A Matrix-Assisted Laser Desorption Ionization–Time of Flight Mass Spectrometry Direct-from-Urine-Specimen Diagnostic for Gram-Negative Pathogens

Hyojik Yang a,#, Richard D Smith a,b,#, Kylie P Sumner a,c, David R Goodlett c,d, J Kristie Johnson b,#, Robert K Ernst a,✉,#
Editor: Karen C Carrolle
PMCID: PMC9769899  PMID: 36255333

ABSTRACT

Urinary tract infections (UTIs) pose a major public health burden. The vast majority of UTIs are caused by Gram-negative bacteria. Current culture-based pathogen identification methods may require up to 24 to 48 h of incubation. In this study, we developed and evaluated a method for Gram-negative pathogen identification direct from urine, without culture, via matrix-assisted laser desorption ionization–time of flight mass spectrometry (MALDI-TOF MS) in approximately 1 h. Urine samples were collected (n = 137) from the University of Maryland Medical Center clinical microbiology laboratory. To identify bacteria direct from urine, two methods were evaluated. First, 1 μL of urine was directly spotted onto the MALDI target plate, and second, 1 mL of urine was centrifuged at 8,000 rpm for 5 min before processing using the fast lipid analysis technique (FLAT). Mass spectra were acquired on the Bruker MALDI Biotyper sirius system in the negative-ion mode. Results were compared to those of standard culture methods. When 1 μL of urine was directly spotted, positive agreement was 81.5% (101/124) and, after centrifugation, 94.4% (117/124) relative to that of standard culture methods. Negative agreement for both methods was 100% (13/13). The time to results for both of the specimen preparation methods using the FLAT extraction protocol was approximately 1 h, with minimal hands-on time required (<5 min). The ability to rapidly identify pathogens directly from urine, without the need for culture, allows for faster turnaround times and, potentially, improved patient outcomes. Overall, the FLAT extraction protocol, in combination with lipid A identification, provides a reproducible and accurate method to rapidly identify urinary pathogens.

IMPORTANCE This study describes and evaluates a direct-from-urine extraction method that allows identification of Gram-negative bacteria via MALDI-TOF MS within 1 h. Currently, identification of urinary pathogens requires 24 h of culture prior to identification. While this method may not replace culture, we demonstrate its utility in screening for common urinary pathogens. By providing identifications in under 1 h, clinicians can potentially treat patients sooner with more-targeted antimicrobial therapy. In turn, earlier treatment can improve patient outcome and antimicrobial stewardship. Furthermore, MADLI-TOF MS is a readily available, easy-to-use diagnostic tool in clinical laboratories, making implementation of this method possible.

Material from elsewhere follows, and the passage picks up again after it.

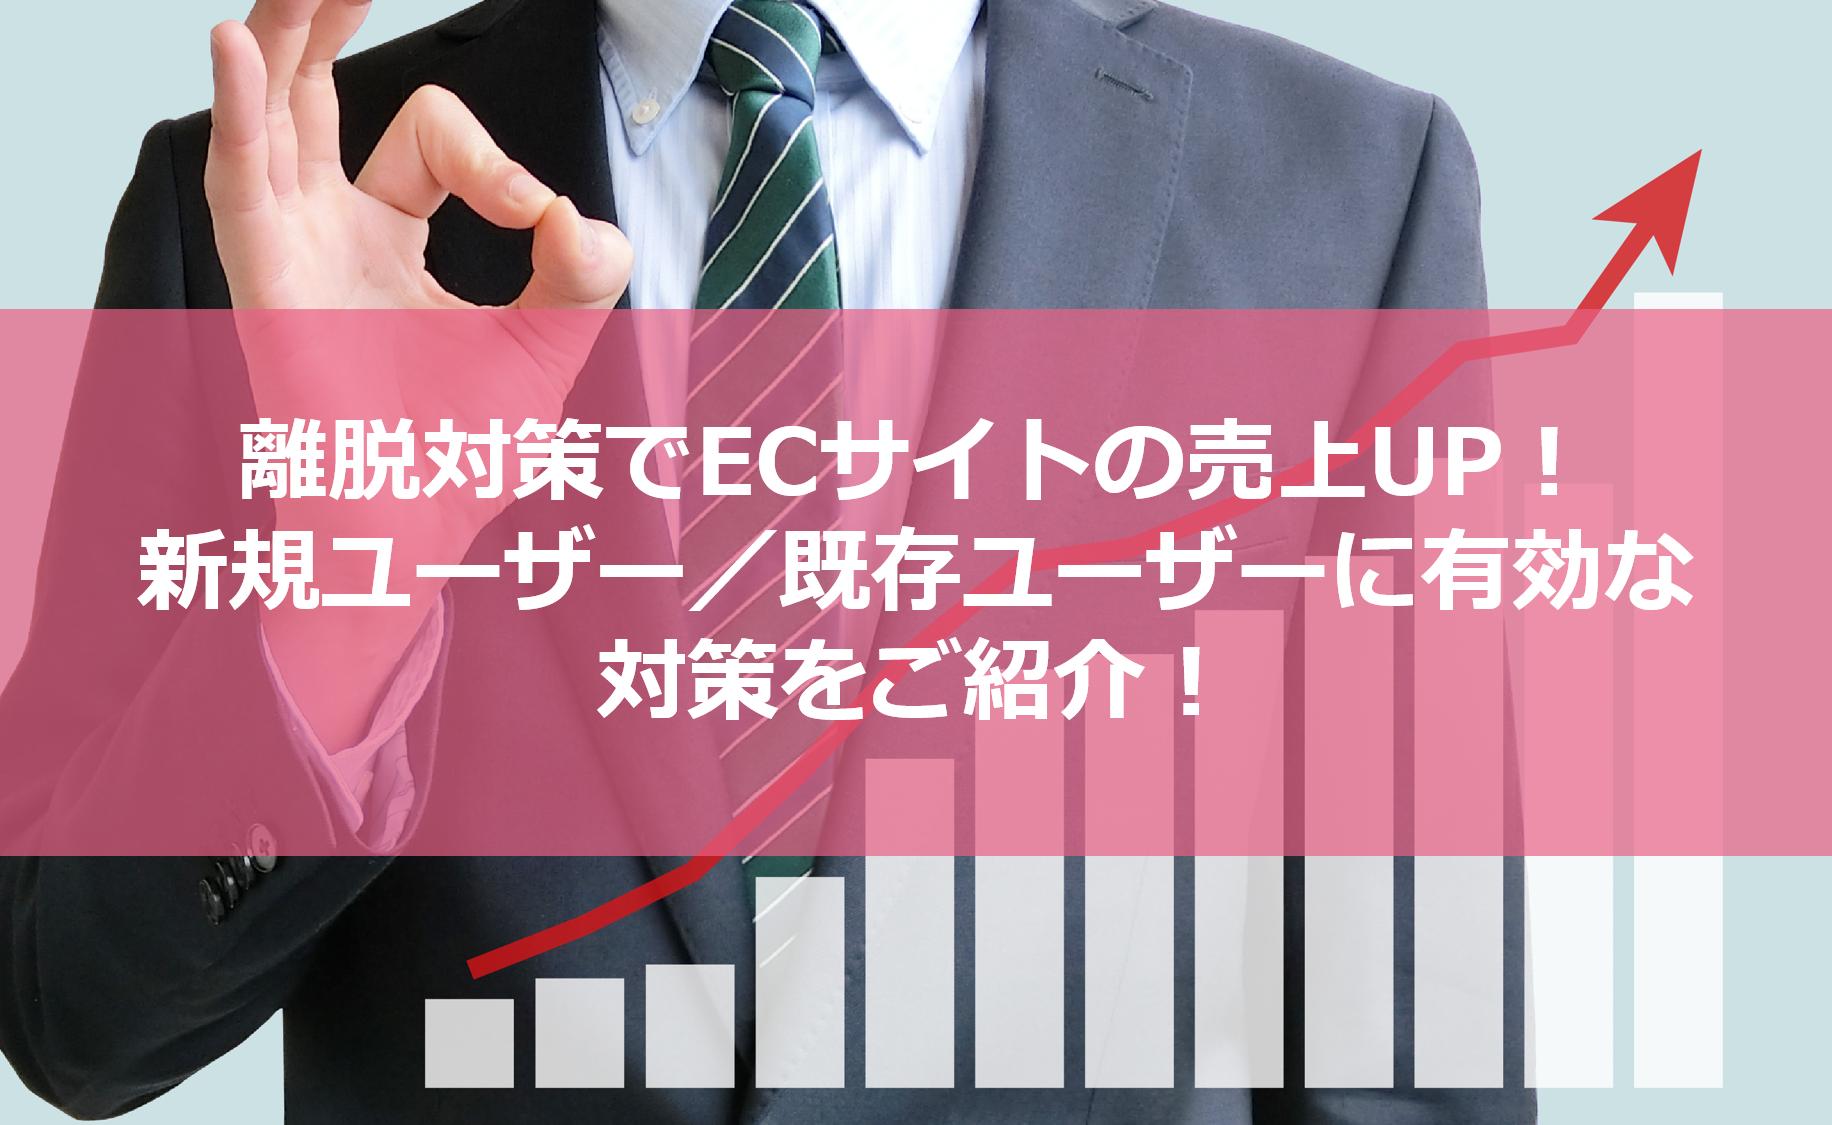 離脱対策でECサイトの売上UP!新規ユーザー/既存ユーザーに有効な対策をご紹介!

KEYWORDS: lipid A, UTI, Gram-negative bacteria, MALDI-TOF mass spectrometry, fast lipid analysis technique, MALDI-TOF MS, urinary tract infection

INTRODUCTION

Globally, urinary tract infections (UTIs) are one of the most prevalent bacterial infections (1). UTIs pose a substantial health and economic burden, contributing to over one million emergency department visits and 100,000 hospital admissions in the United States annually (2, 3). It is estimated that approximately 50% of people will suffer from a UTI at least once in their lifetime (4, 5). Furthermore, UTIs can lead to potentially life-threatening complications, such as urosepsis (6). Over 80% of UTIs are caused by Gram-negative bacteria, with most infections being caused by Escherichia coli (7).

Current methods for diagnosing UTIs include clinical evaluation of symptoms, urine dipstick, urinalysis, and urine culture (8, 9). In the clinical microbiology laboratory, culture-based methods remain the standard diagnostic method for UTIs, as they allow for pathogen quantification, identification, and, secondarily, antimicrobial susceptibility testing. Typically, a positive UTI is defined by having a bacterial load greater than 100,000 CFU/mL (10). Pathogen identification via culture-based methods requires 24 to 48 h, delaying optimal antimicrobial therapy (11). Thus, identifying pathogens without the need to culture would reduce the time to bacterial identification and targeted antimicrobial therapy, thereby potentially improve patient outcomes.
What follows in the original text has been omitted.